On March 31, 2025, the Wildcats picked up the second-year team option on Pepper's contract for the 2025–26 NBL season. On October 29, 2025, he scored an NBL career-best 19 points in a 95–84 win over the Tasmania JackJumpers. On January 22, 2026, he scored 20 of his career-high 25 points in the third quarter of the Wildcats' 106–69 win over the Cairns Taipans. He also finished with seven 3-pointers. On the season, he averaged 10.5 points, 3.4 rebounds and 1.6 assists per game, while shooting 40% from the field.

Pepper joined the Wellington Saints of the New Zealand National Basketball League (NZNBL) for the 2026 season. On May 21, he scored 43 points in a 104–90 loss to the Southland Sharks. On June 1, he scored 45 points in a 105–84 win over the Manawatu Jets. Later that month, he was sidelined with a hamstring injury. He finished the regular season averaging a league-high 28.7 points per game. In the Saints' elimination final, Pepper scored a game-high 33 points in a 94–81 win over the Otago Nuggets. In the semi final, Pepper scored a game-high 32 points in a 112–69 win over the Auckland Tuatara. In the grand final, the Saints were defeated 104–101 in overtime by the Sharks despite a game-high 32 points from Pepper. For the season, he was named NZNBL Most Valuable Player alongside NZNBL All-Star Five and NZNBL Most Outstanding Guard.

On April 28, 2026, Pepper re-signed with the Wildcats on a two-year deal. On September 24, 2026, he scored 25 points and made the game-winning 3-pointer in a 98–97 win over the Adelaide 36ers.

==National team career==
In February 2025, Pepper was named in the Australian Boomers squad for two FIBA Asia Cup qualifiers. In April 2025, he was named in the Boomers squad for a trans-Tasman series against New Zealand in May.

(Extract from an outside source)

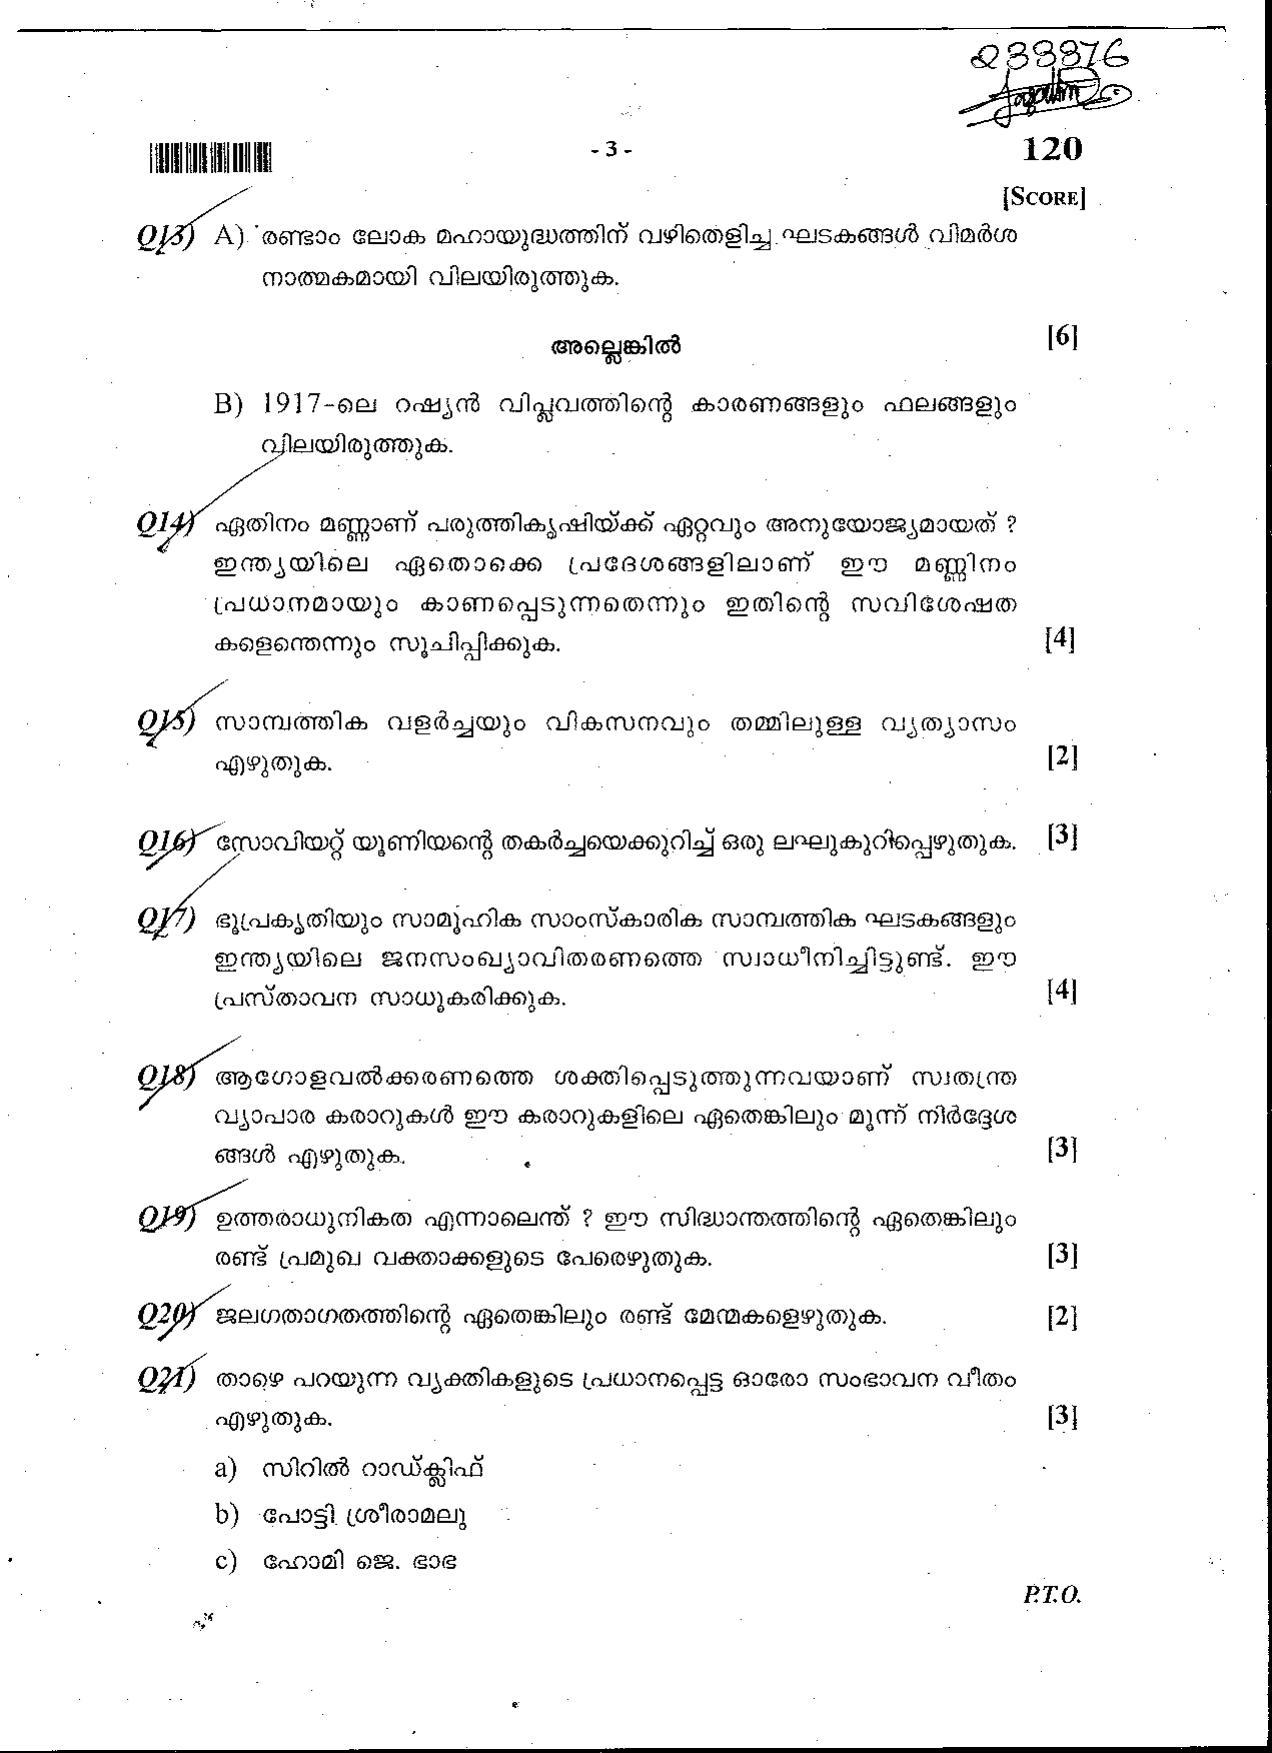 Kerala SSLC 2015 Social Science (MM) Question Paper - Page 3

In October 2025, Pepper was named in the Boomers squad for the first window of the FIBA Basketball World Cup 2027 Asian Qualifiers. In February 2026, he was named in the squad for two more Asian qualifiers. In June 2026, he was named in the squad for two more Asian qualifiers in Perth in July. He later withdrew from the team due to injury. In August 2026, he was named in the squad for another two Asian qualifiers.

==Personal life==
Pepper's father, Ryan, and uncle, Jason, both played college basketball in the United States before competing at the state league level in Australia. Ryan, a native of Yakima, Washington, played at Central Washington University and then competed professionally in Australia. After a brief career with the Hobart Chargers in the South East Australian Basketball League (SEABL), Ryan played for the Shepperton Gators in the Big V between 1999 and 2002. While there he met his wife, Danielle, who worked for the company that owned Shepparton's gym. Jason played in the SEABL between 1996 and 2005.

Elijah Pepper is the oldest of four children; he has two younger brothers and a younger sister.

Pepper holds an Australian passport and is a dual citizen of the U.S. and Australia.